### Data provided:

───

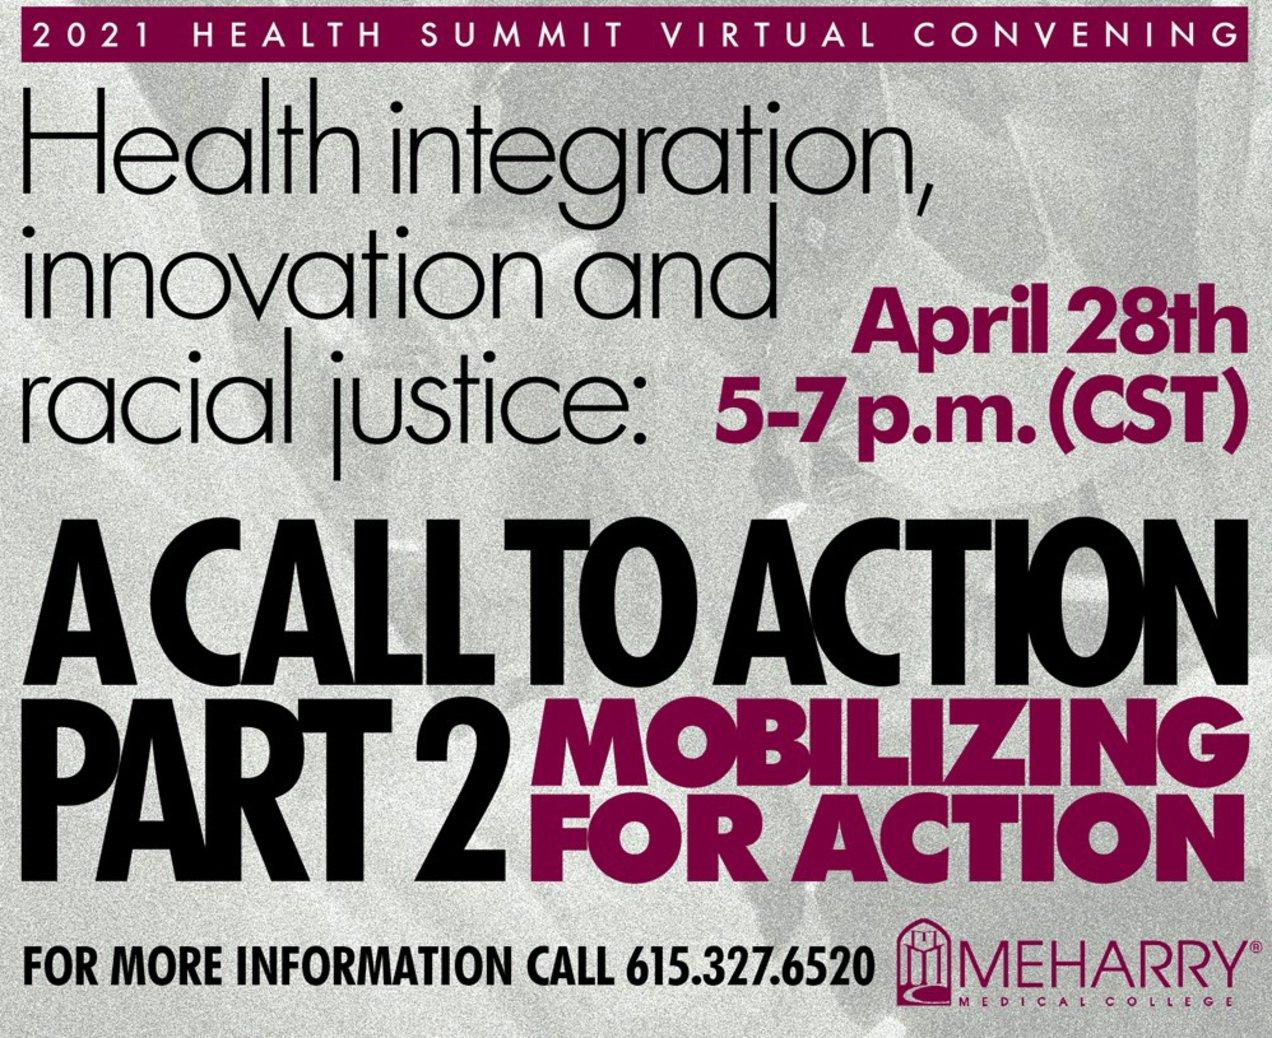 Virtual Health Summit
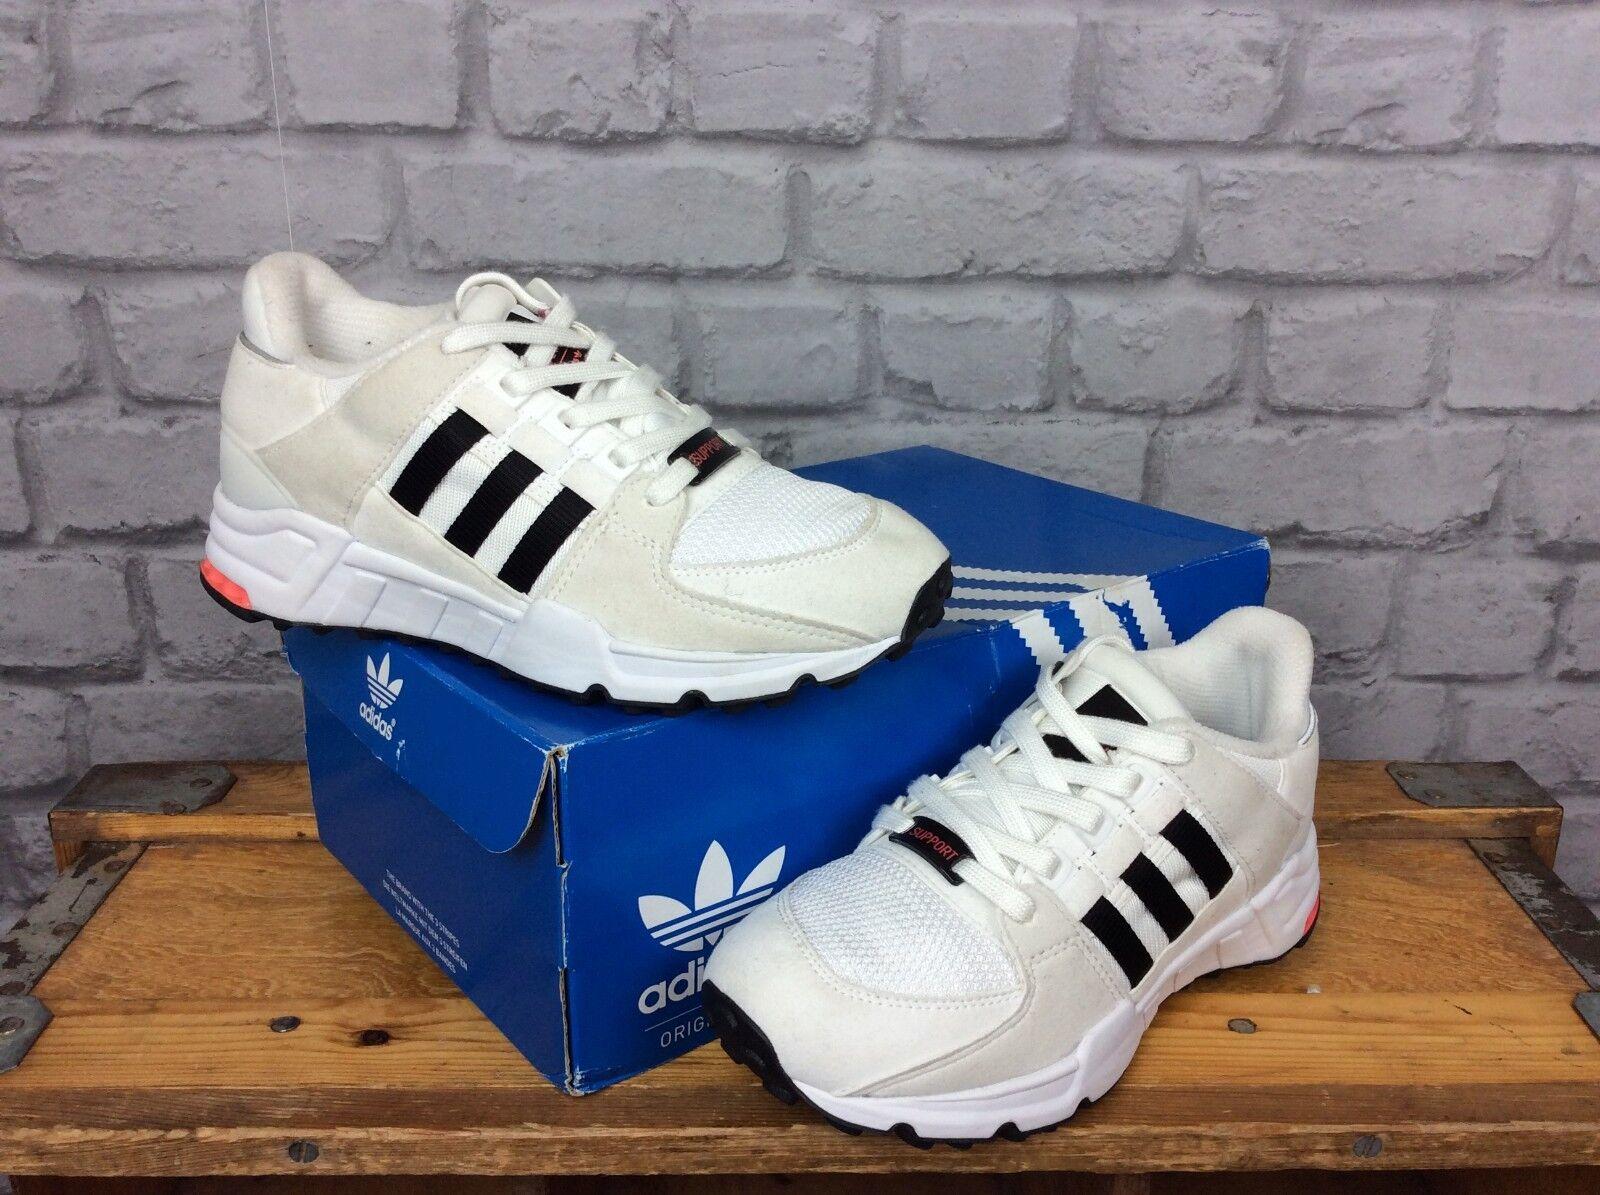 Adidas Femmes UK 3 EU Rose 35 1/2 Équipement Noir Blanc Rose EU Torsion Baskets 2fc437
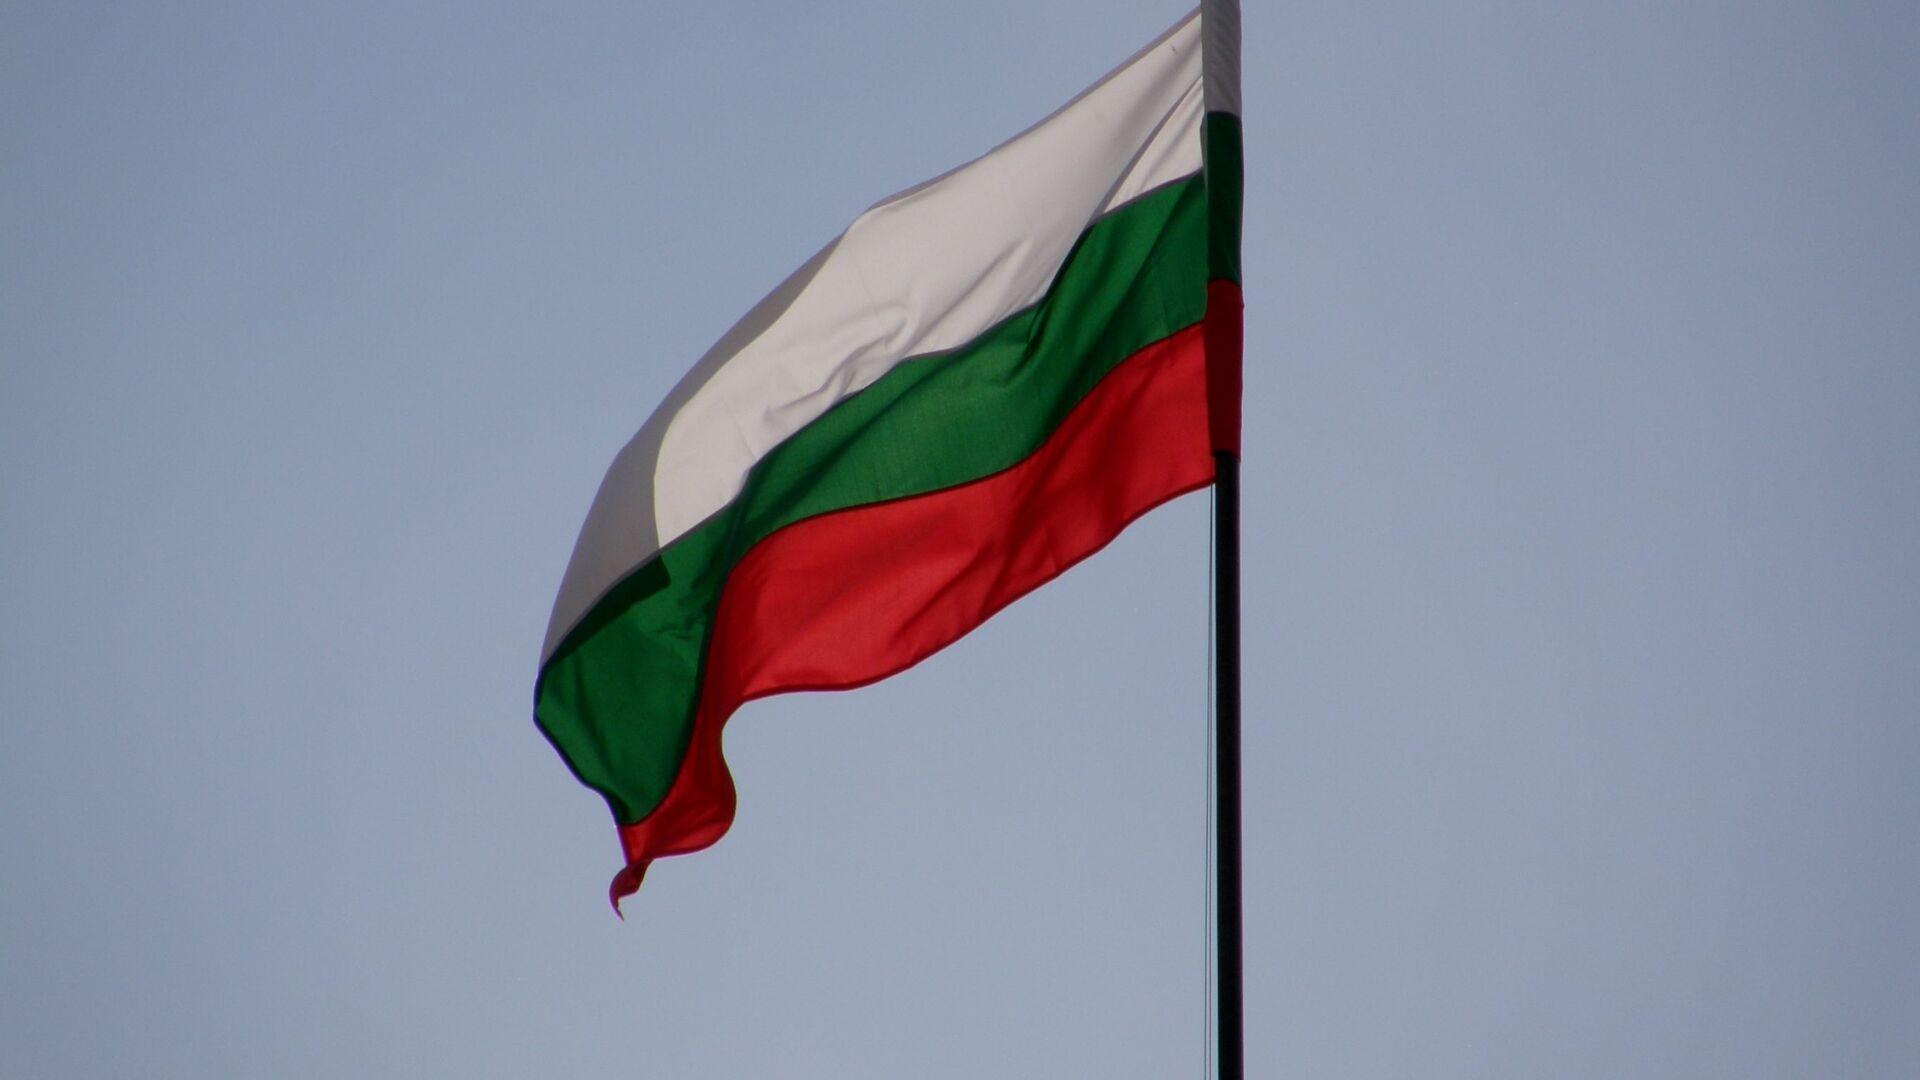 Bandera de Bulgaria - Sputnik Mundo, 1920, 26.05.2021

───

### What is required:
Transcribe the data exactly, minus any images.

### Result of the exercise:
 Virtual Health Summit
 Adidas Femmes UK 3 EU Rose 35 1/2 Équipement Noir Blanc Rose EU Torsion Baskets 2fc437
 Bandera de Bulgaria - Sputnik Mundo, 1920, 26.05.2021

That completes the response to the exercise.